If you are comfortable with the command line and prefer to run the pipeline directly, this is the simplest path:

# 1. Clone and enter the repository
git clone https://github.com/YOUR_USERNAME/charm-market-intelligence-engine.git
cd charm-market-intelligence-engine

# 2. Set up environment (creates venv, installs deps, downloads NLP models)
make setup

# 3. Run the pipeline
make run-pipeline

# 4. Launch the dashboard
make run-dashboard

Alternative (manual setup):

python -m venv .venv && source .venv/bin/activate
pip install -r requirements.txt
cp .env.example .env

# Download NLP models
python -m spacy download en_core_web_sm
python -c "import nltk; nltk.download('vader_lexicon')"
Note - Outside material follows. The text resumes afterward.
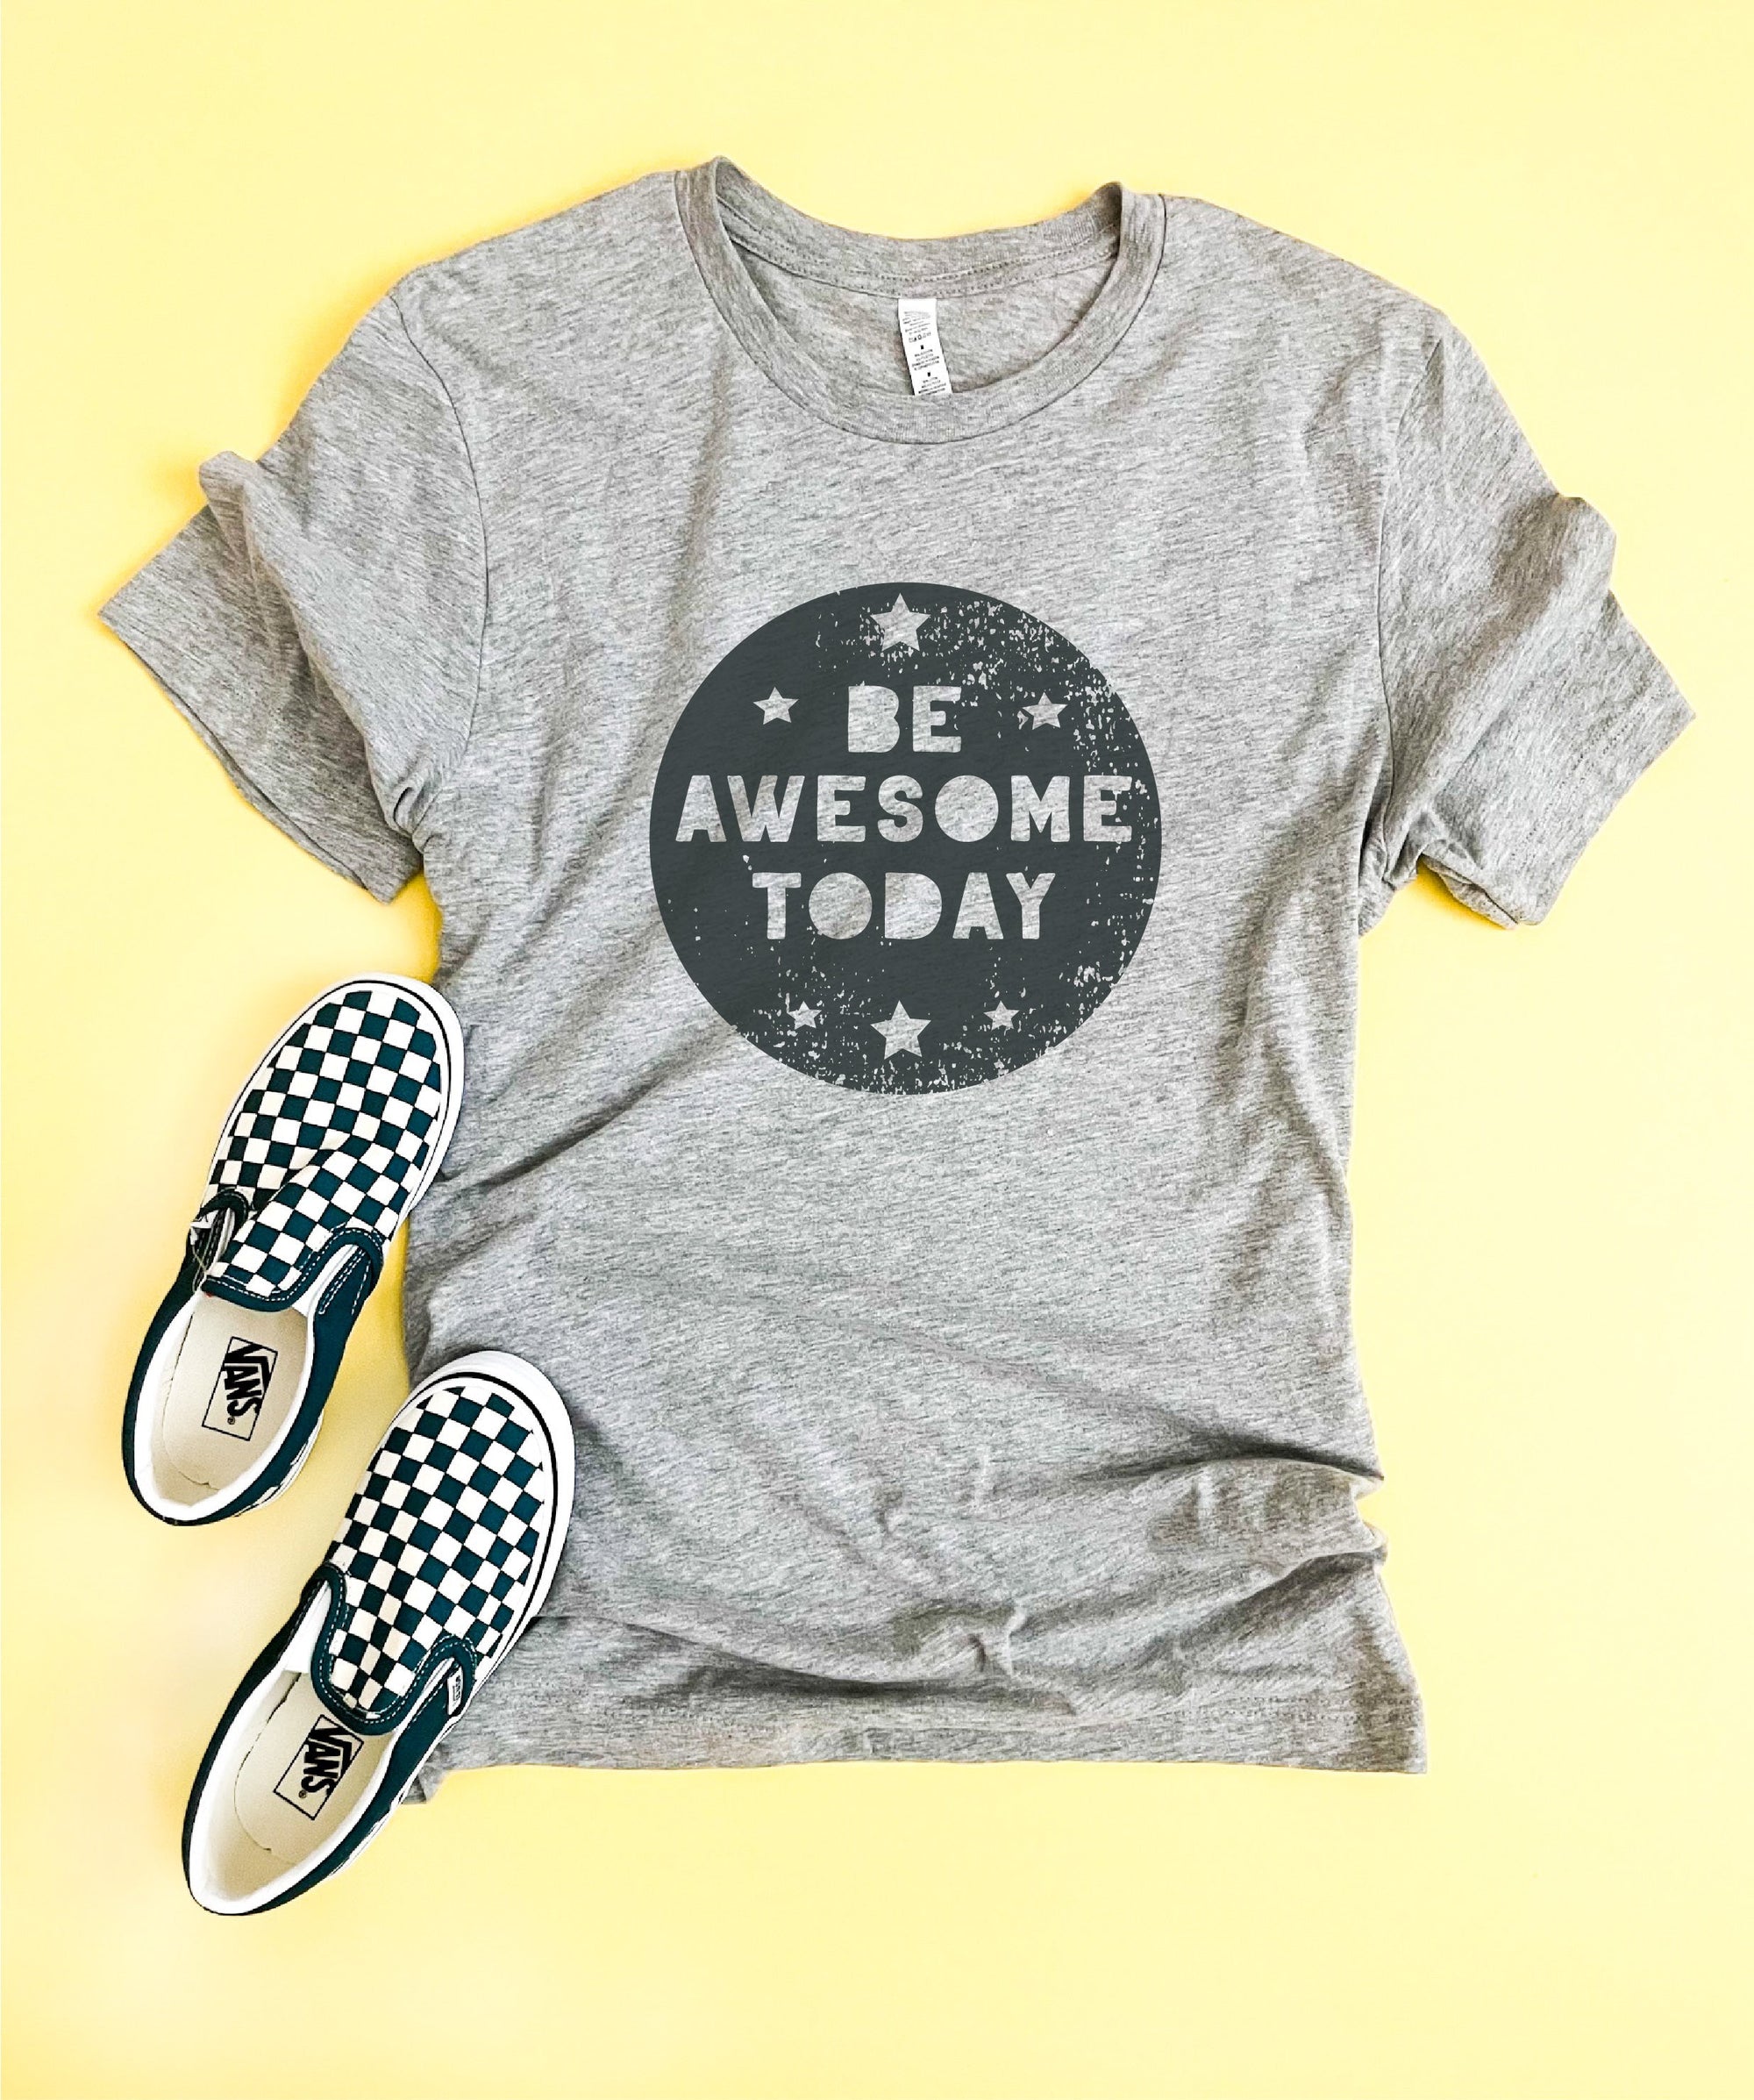 Be awesome today kids tee Short sleeve inspirational tee Next Level 3310 kids tee

# Run pipeline and dashboard
python scripts/pipeline.py
streamlit run dashboard/app.py

If you are comfortable with Docker, you can run CHARM with containers:

cp .env.example .env
docker compose up --build dashboard

To run the pipeline in Docker:

docker compose run --rm pipeline

Cost-safe dry run: USE_LLM and USE_SHEETS default to false in .env.example so you can run the full pipeline locally without triggering OpenAI tokens or Google Sheets API calls. Flip them to true only after you are ready to authenticate those paid services.


Validate Your Run

After running the pipeline, check that these files were created:

File What it contains Success indicator
data/processed/jobs.csv Scraped and enriched job postings File exists, has rows with title, company, skills columns
data/processed/analysis.json Summary statistics Contains num_jobs, top_skills, schema_version
data/processed/insights.md Human-readable market brief Contains "## In-demand Skills" section
data/charm.db SQLite database File exists (if USE_SQLITE=true)
data/reports/CHARM_Report_*.pdf PDF report File exists, starts with %PDF, > 10 KB

Quick validation command:

# Check that key outputs exist and have content
ls -la data/processed/
head -5 data/processed/jobs.csv
cat data/processed/analysis.json | head -20

Dashboard validation:

  1. Run make run-dashboard
  2. Open http://localhost:8501 in your browser
  3. You should see key findings cards, a map, and skill charts
  4. A "Download report" button in the header generates a PDF on demand
  5. If "No data yet" appears, the pipeline hasn't run successfully

Data Directories

CHARM organizes data into specific directories. Understanding this structure helps with debugging and customization.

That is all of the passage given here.